近年、企業は必ずしも大卒資格や経験年数にこだわらず、求職者を積極的に受け入れるようになってきている。そうしたトップトレンドの1つが「スキルベース採用」と呼ばれる採用方式だ。TestGorilla(テストゴリラ)の
The State of Skills-Based Hiring 2022(スキルベース採用の現況2022)レポートによれば、調査対象の76%の雇用主が新しい人材を見つけるために何らかのスキルベース採用を行っており、約55%が役割に応じたスキルテストを用いている。
学位がなくても仕事ができる専門家の数が増えていることからも、このシフトが加速していることは明らかだ。たとえば過去1年間、米国のLinkedIn上で、学位の代わりにスキルや責任を前面に押し出した求人広告が21%増加した。また、SHRM(Society for Human Resource Management)の
最近の調査によれば、雇用前テストを行っている企業のうち4社に1社は、今後5年間でさらに利用を増やす予定だという。また、雇用前テストを行っていない企業のうち10社に1社は、これから行う予定だ。
厳しい経済状況下でも、企業は高いスキルを持つ労働者を雇用し、つなぎ止めるのに苦労している。そのため、最新の人材採用の手法を取り入れることが、これまで以上に重要になっている。ここでは、いち早くスキルベース採用を取り入れた企業が、なぜそのような取り組みを行うのかをみてみよう。
候補者の質の向上
不適切な人材を採用すると、企業に大きなコストがかかる。『Topgrading(トップグレーディング)』の著者であるブラッドフォード・スマート博士の研究によれば、不適切な雇用によるコストは、その人物の実際の給与の5倍から27倍に上ると
推定されている。だが、企業がスキルベース採用を実施すると、候補者の質は向上する。

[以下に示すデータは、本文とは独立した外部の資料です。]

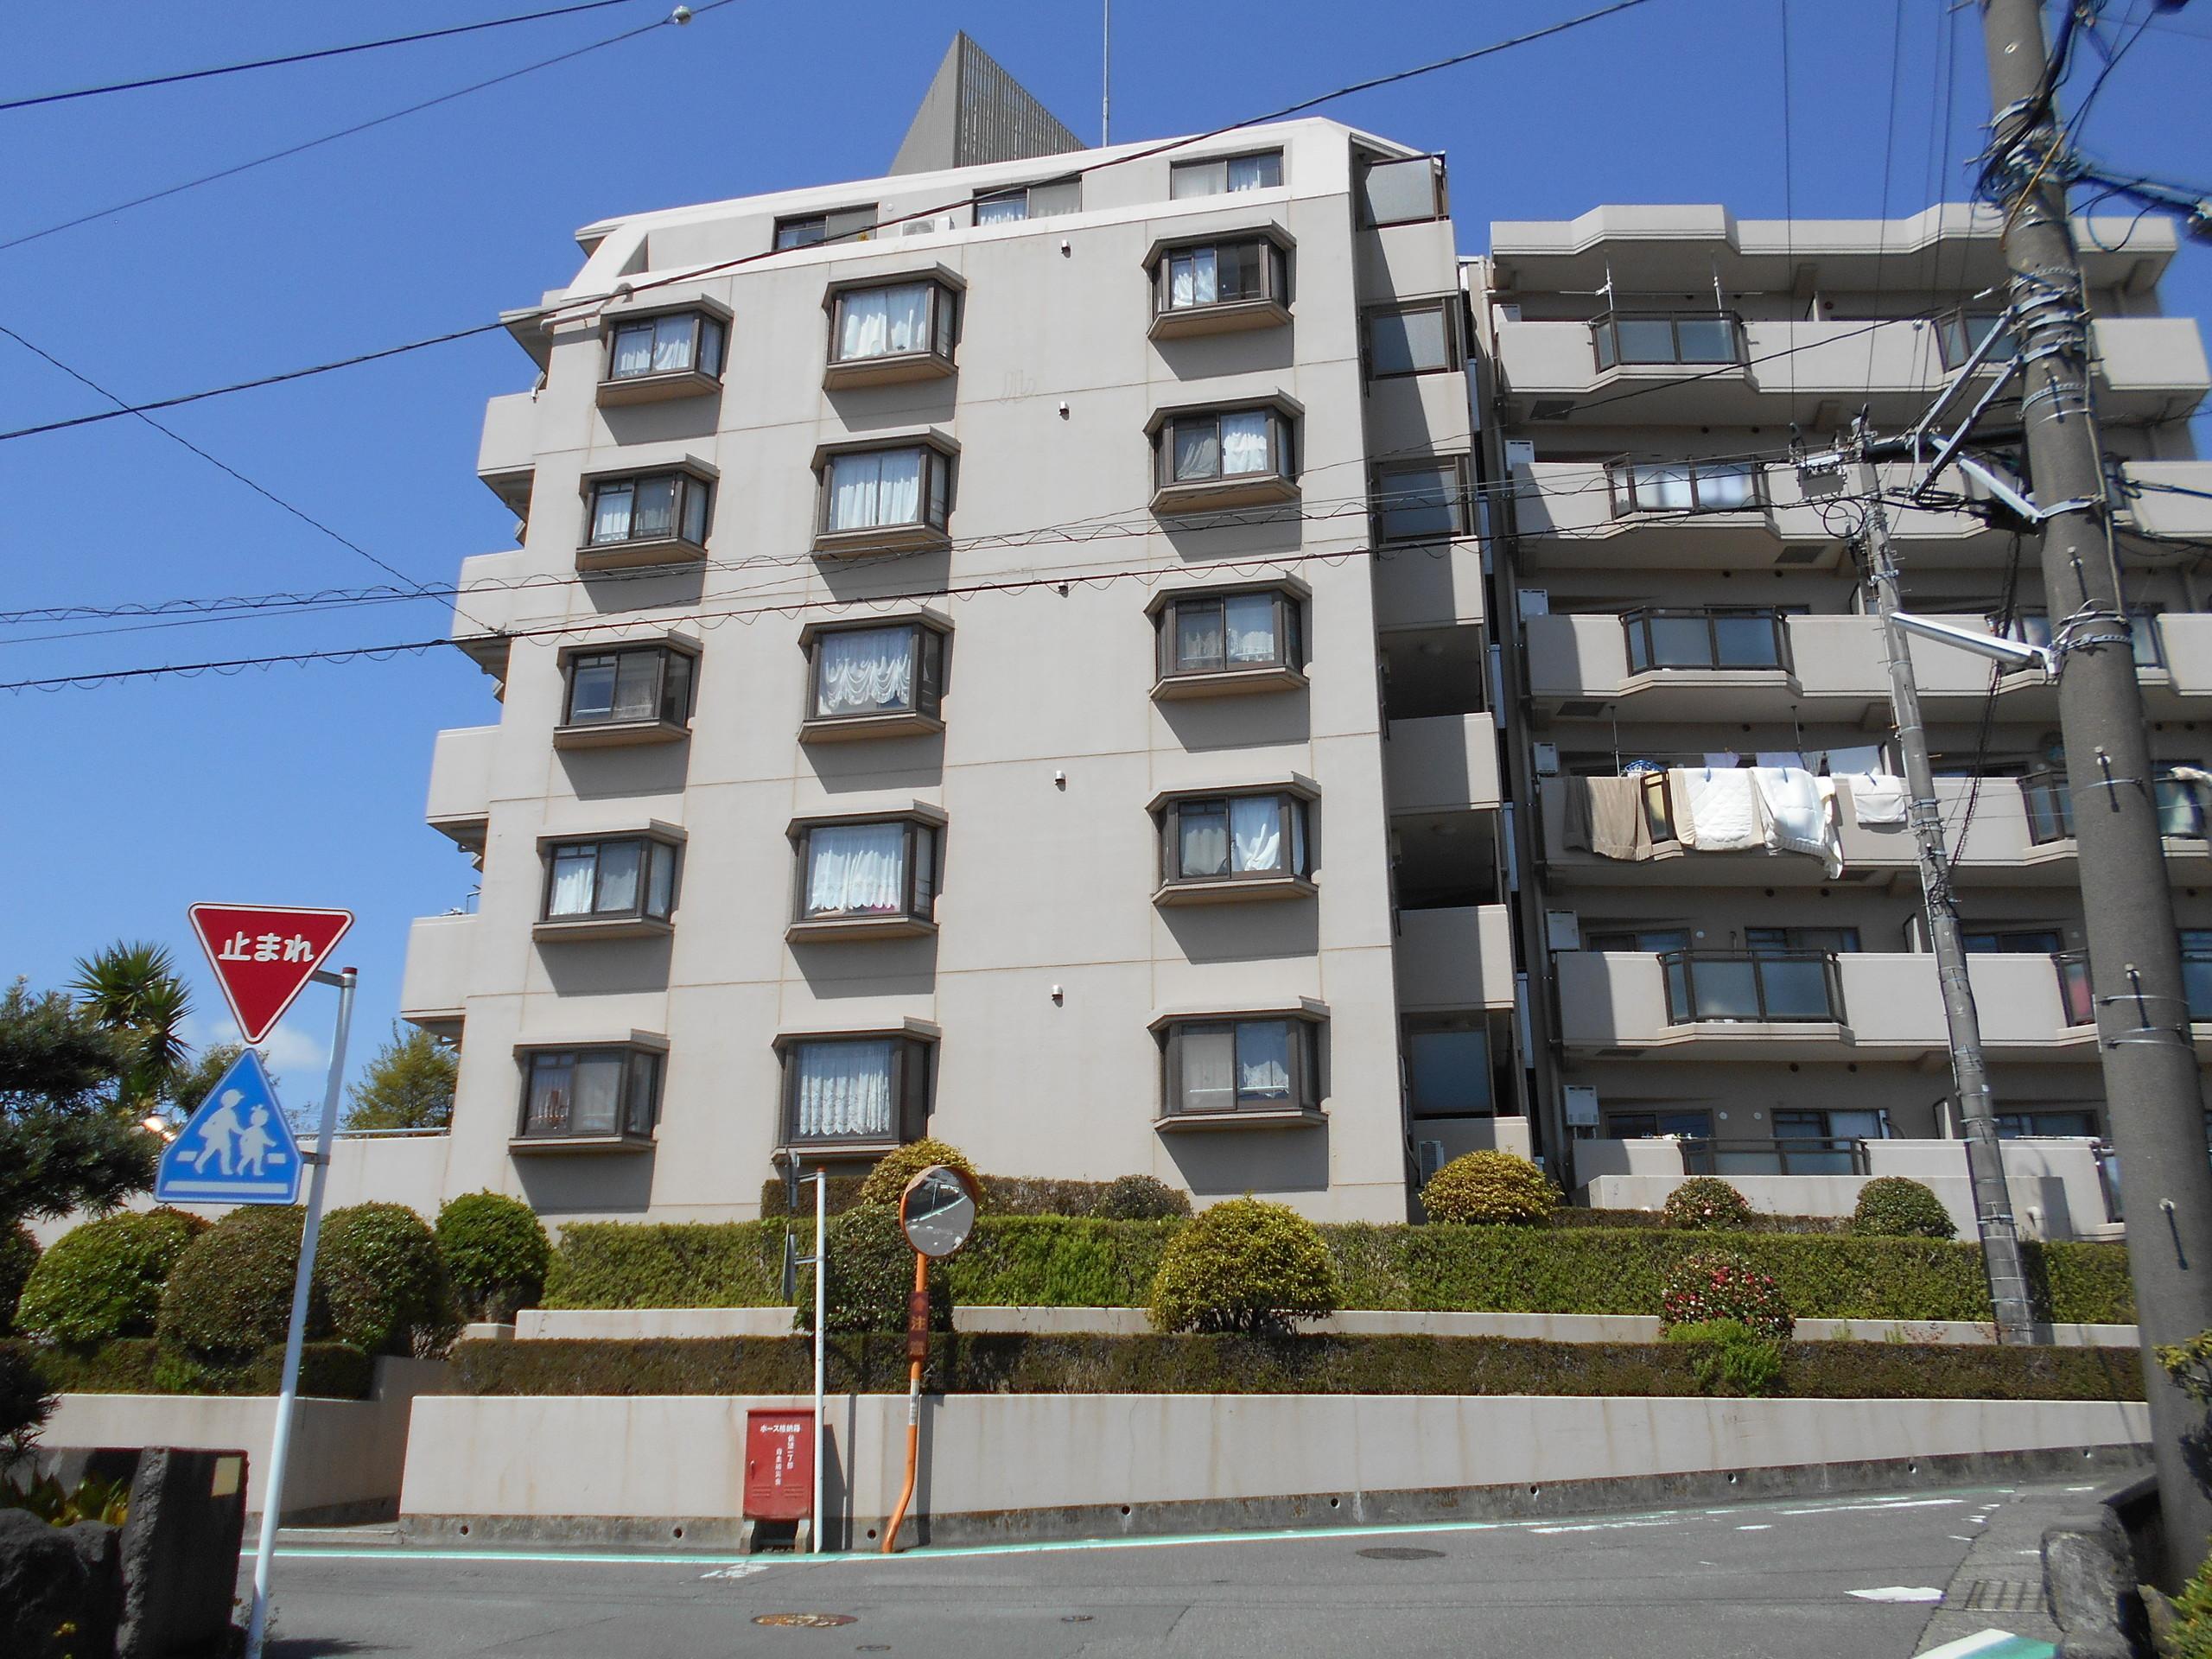 【外観写真】 富士市伝法の、 売中古マンションです。
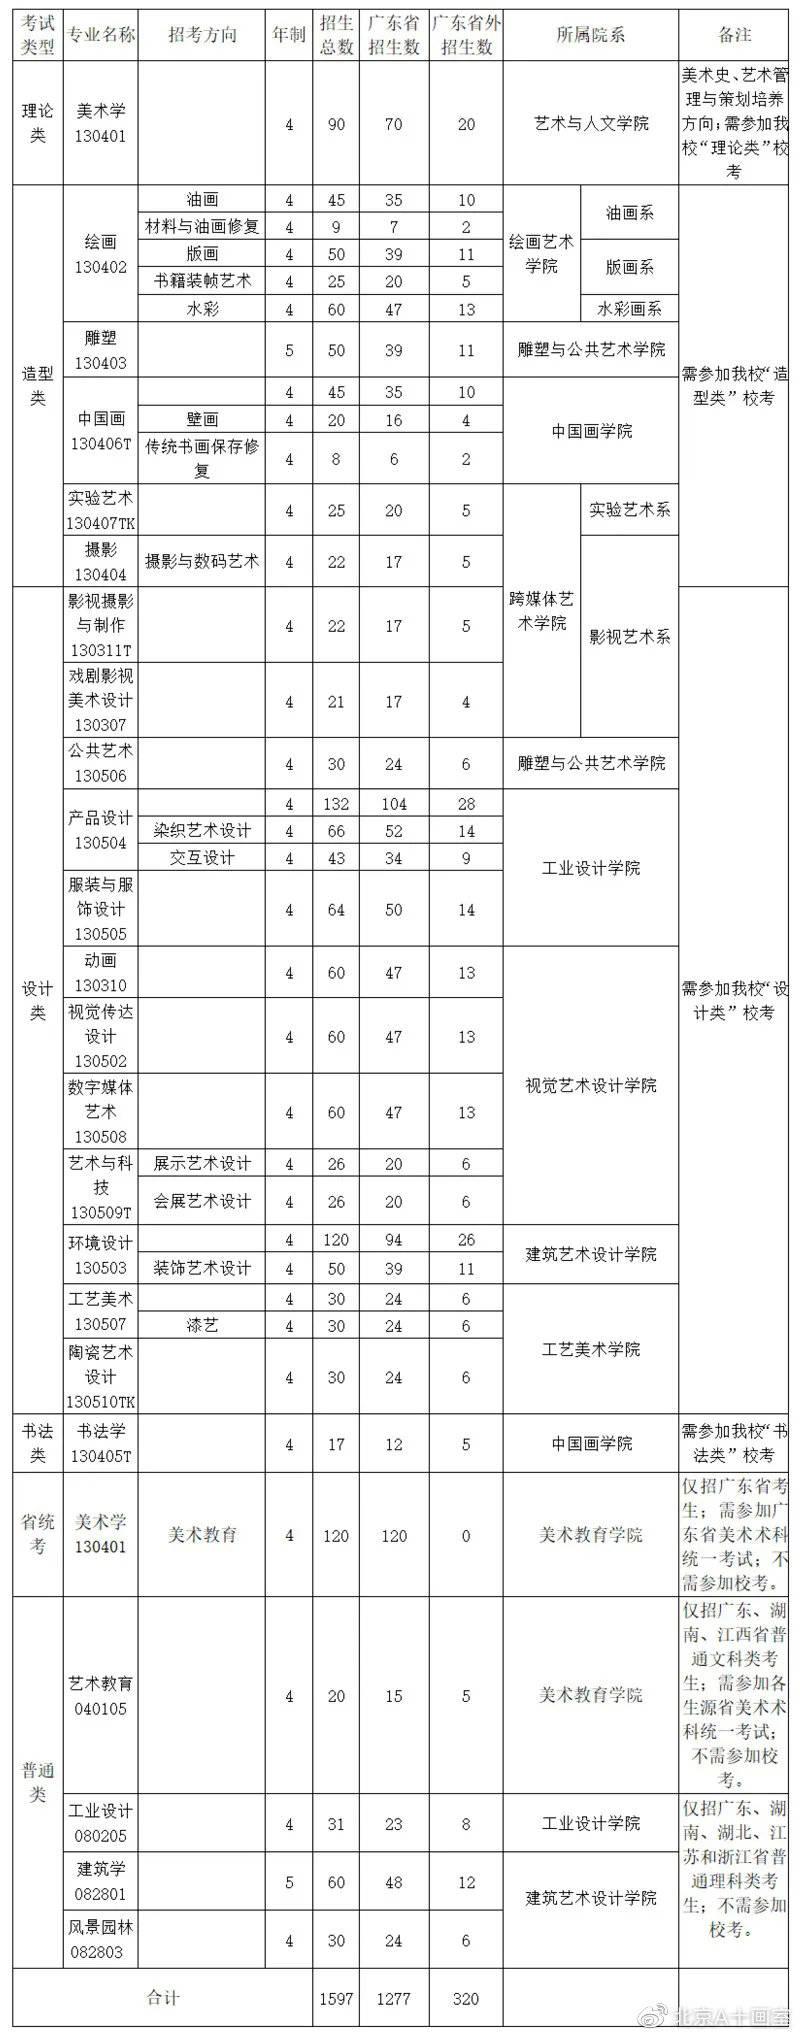 广州美术学院2020年招生计划

テストゴリラの調査によると、92.5%の企業が誤採用率を減らし、そのうち44%の企業は25%以上の減少を報告している。
人材プールの拡大
スキルベース採用アプローチの最も明白な利点の1つは、より幅広い人材が候補者になるということだ。多くの業界で優秀な人材が不足している今、それは大きなメリットとなり得る。さらに、スキルベース採用への関心は、民間企業にとどまらない。たとえば2022年5月、米国メリーランド州は職種のほぼ50%について4年制大学卒業の要件を撤廃すると発表した。この変更は、適性はあるが学歴を持たない候補者に機会を与えるきっかけになる画期的な動きだ。